* [Instructions to follow]: The lines from the one containing "Used-2014-Mercedes-Benz-SL-Class-SL63-AMG" through the last one in the data: please copy those exactly, and only those, without the pictures.

(Recorded data)

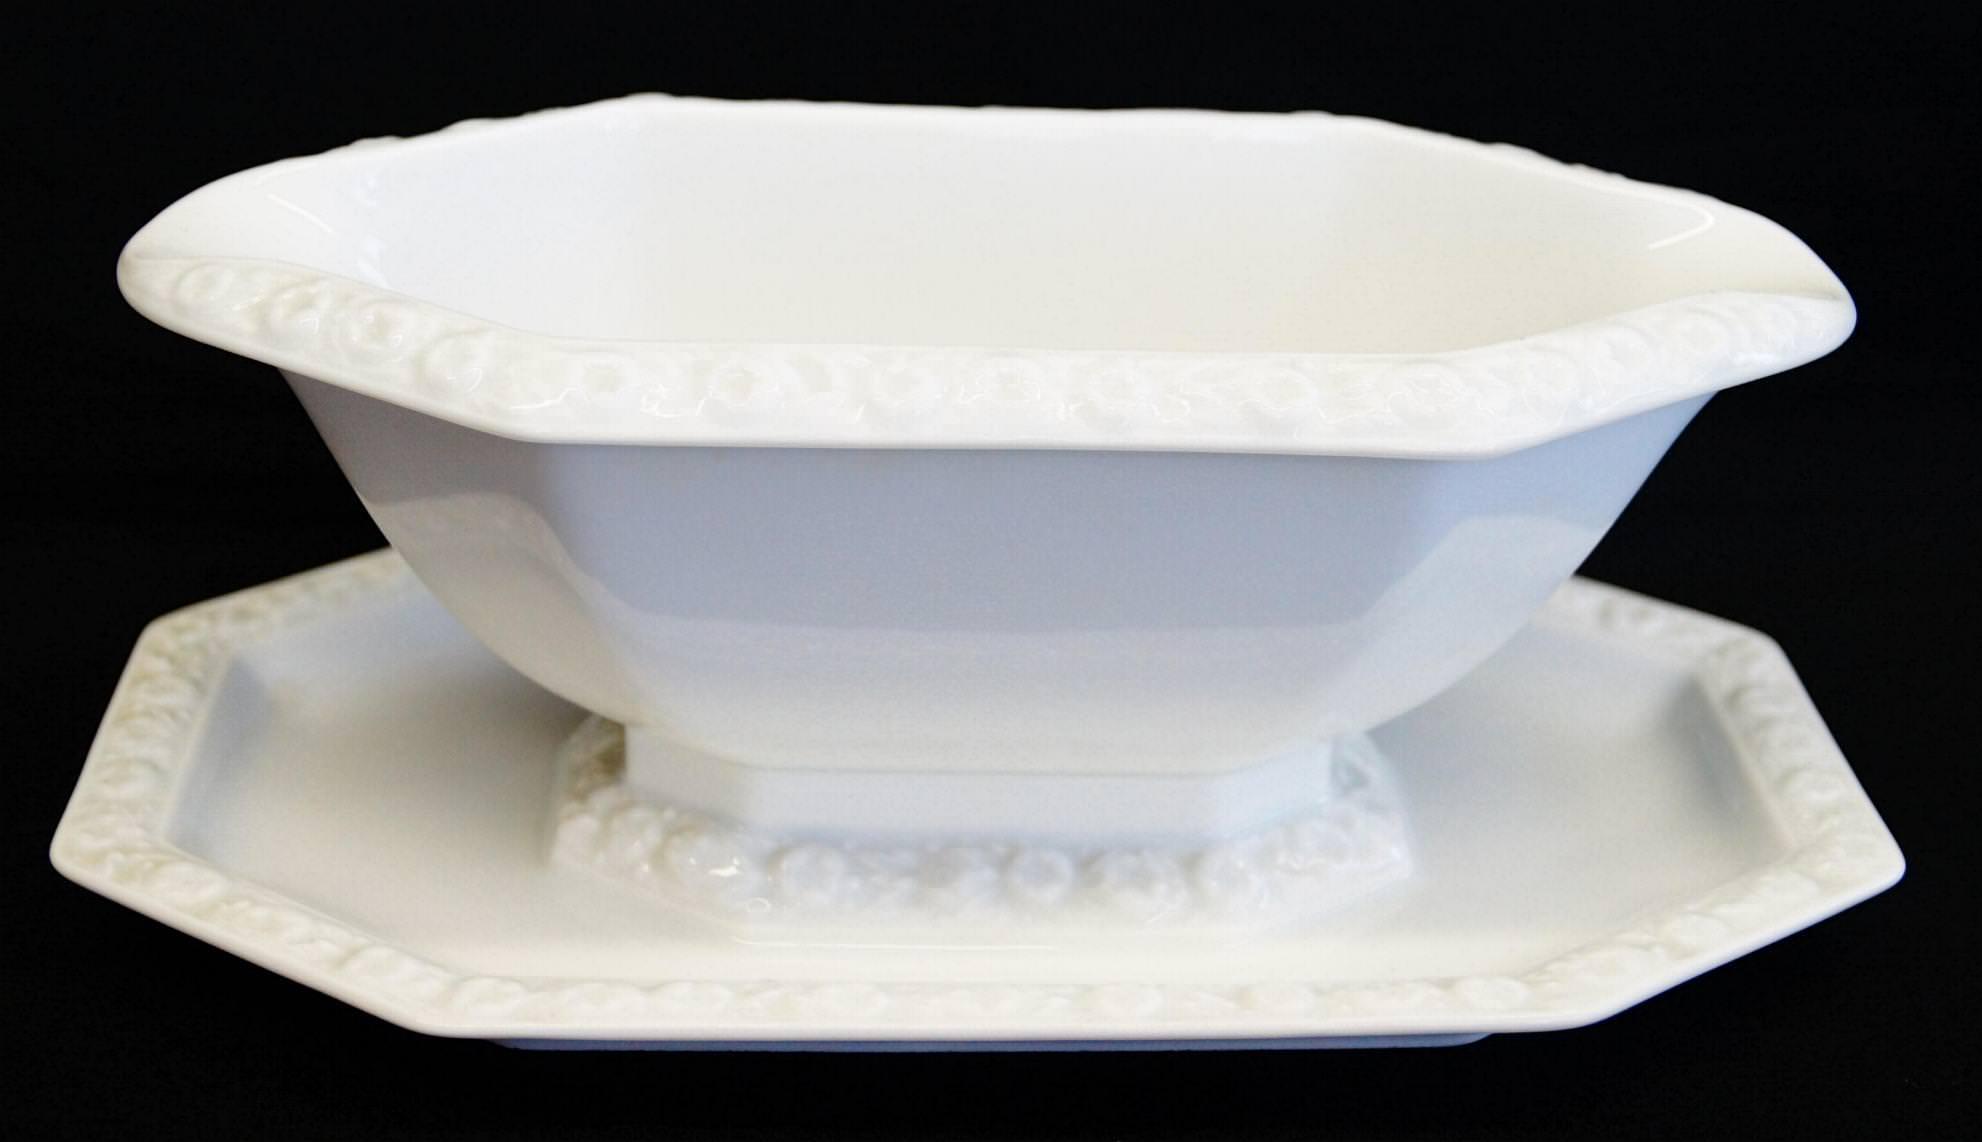 rosenthal maria weiss sauciere mit festem teller 578 5065. Black Bedroom Furniture Sets. Home Design Ideas
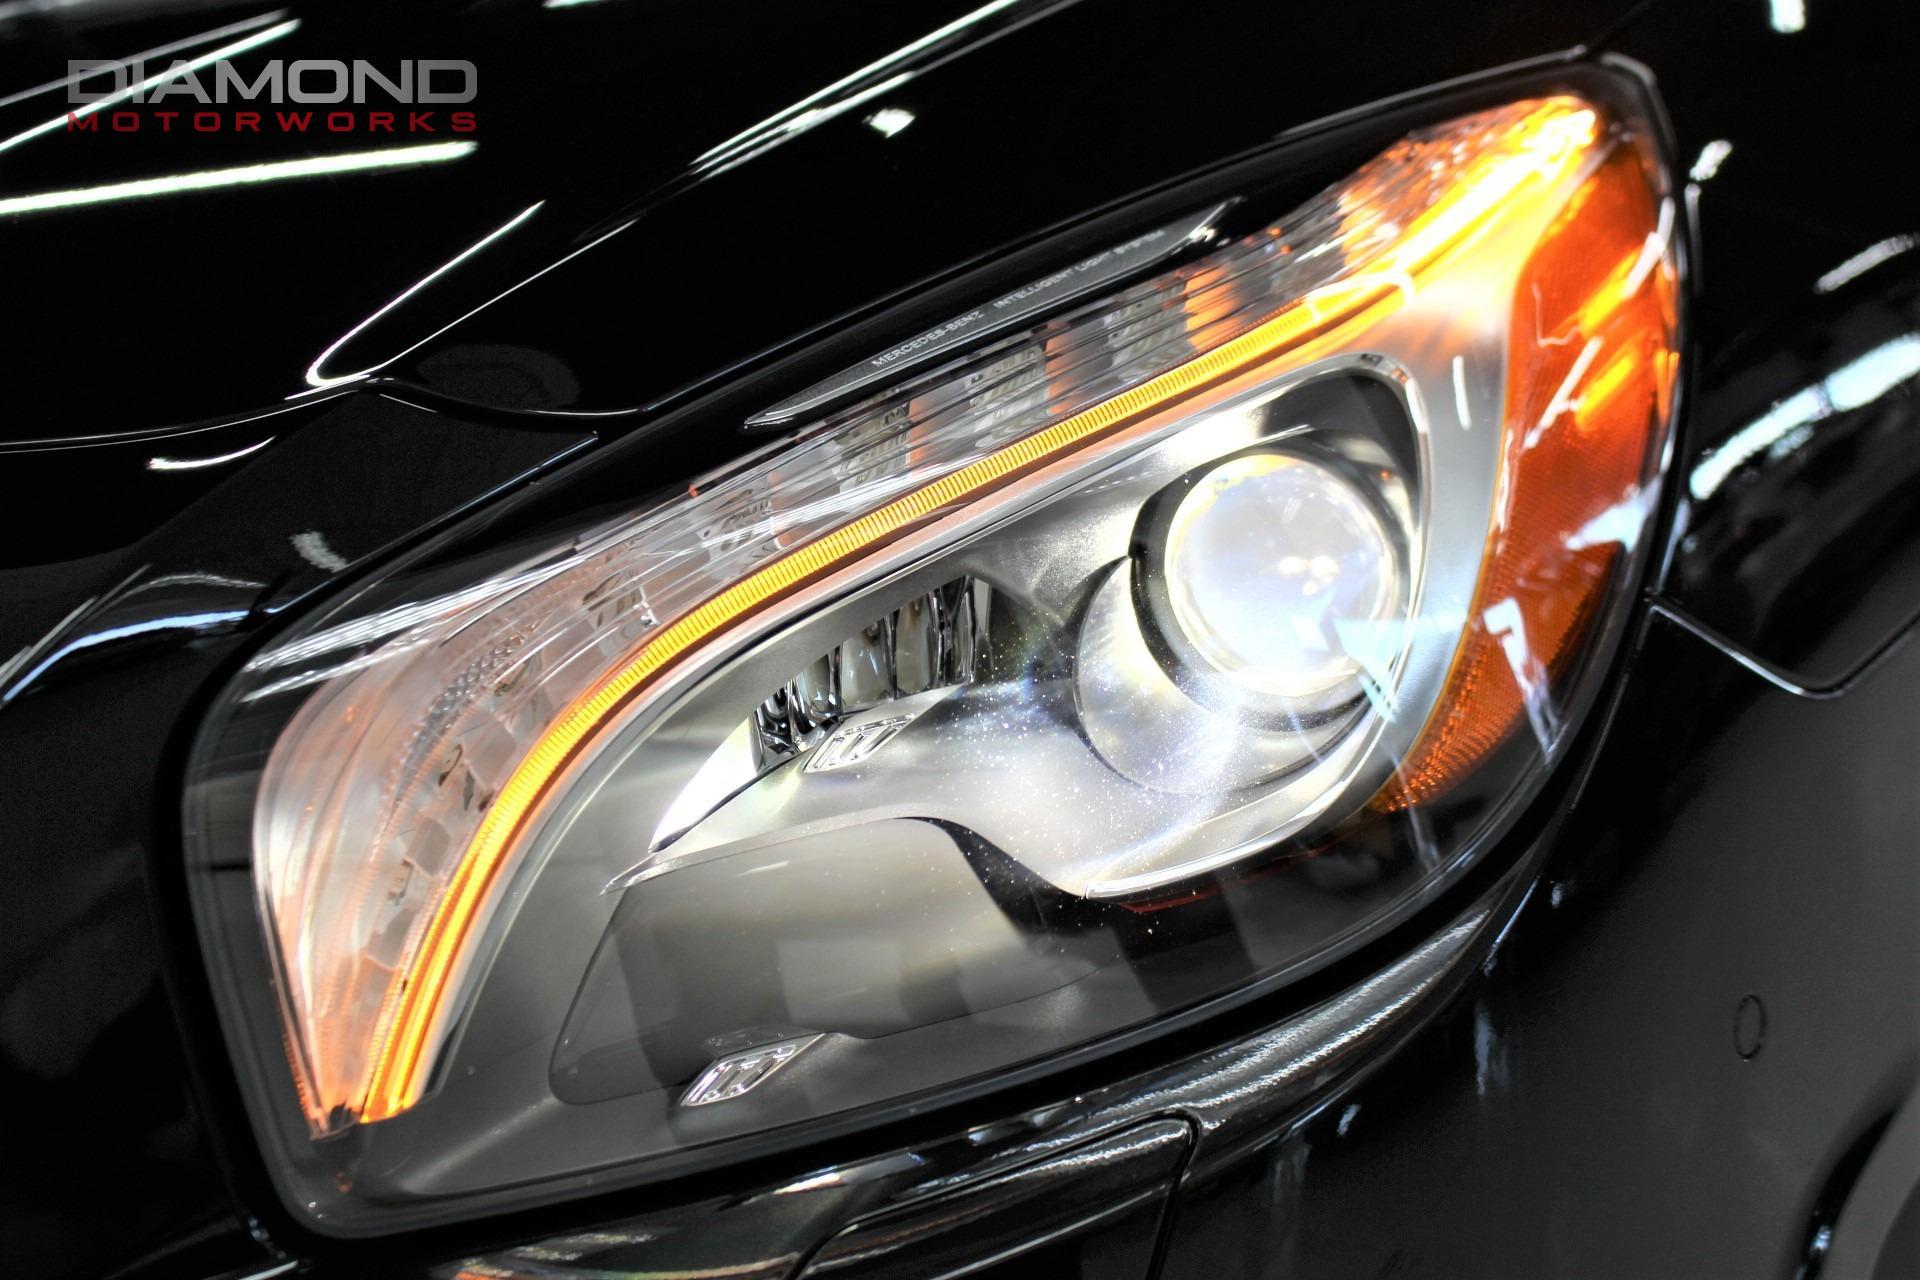 Used-2014-Mercedes-Benz-SL-Class-SL63-AMG
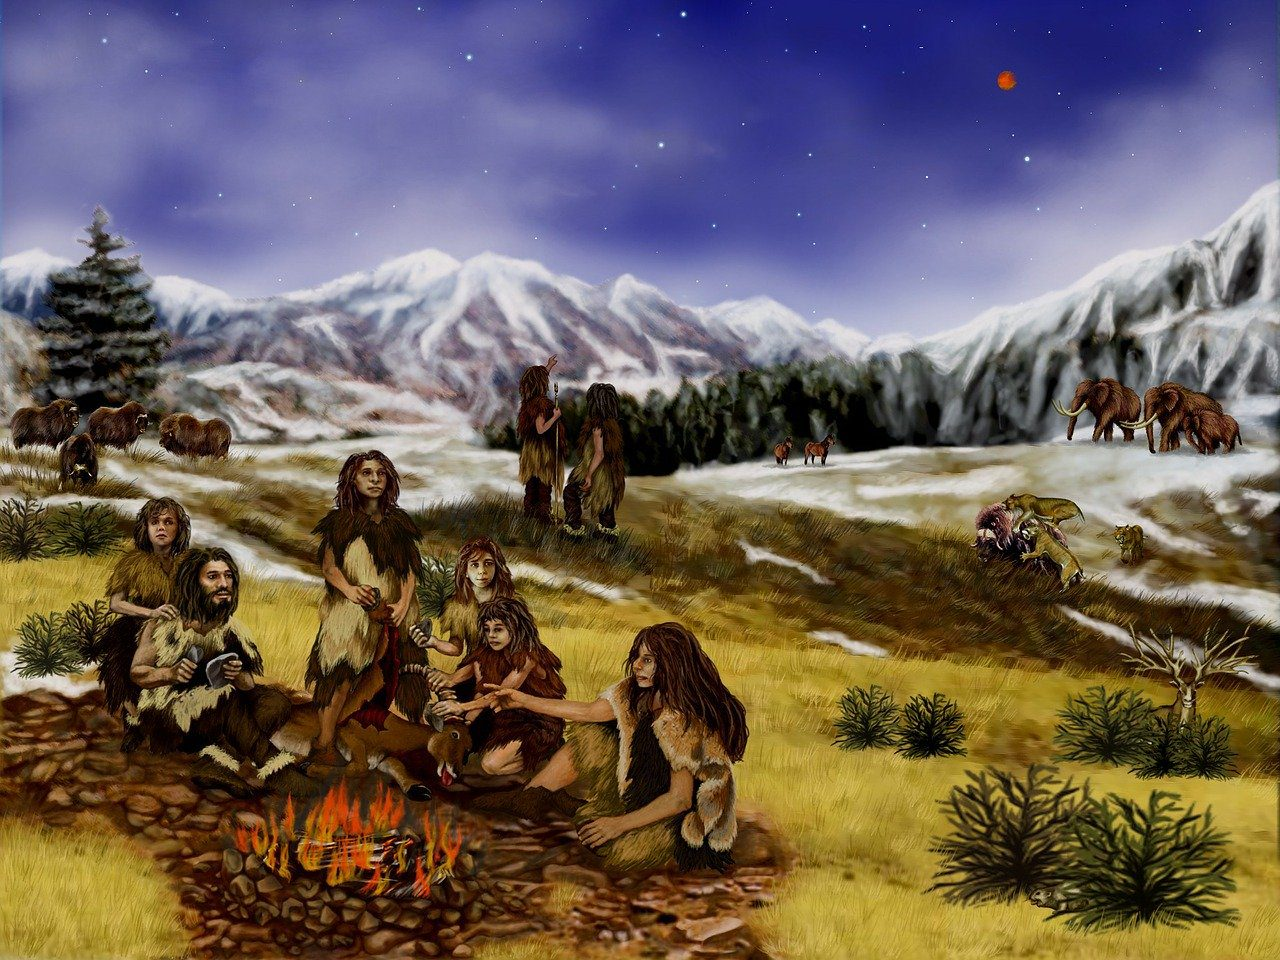 Neandertal insan

(End Recorded data)

* [Output of the exercise]:
 Used-2014-Mercedes-Benz-SL-Class-SL63-AMG
 Neandertal insan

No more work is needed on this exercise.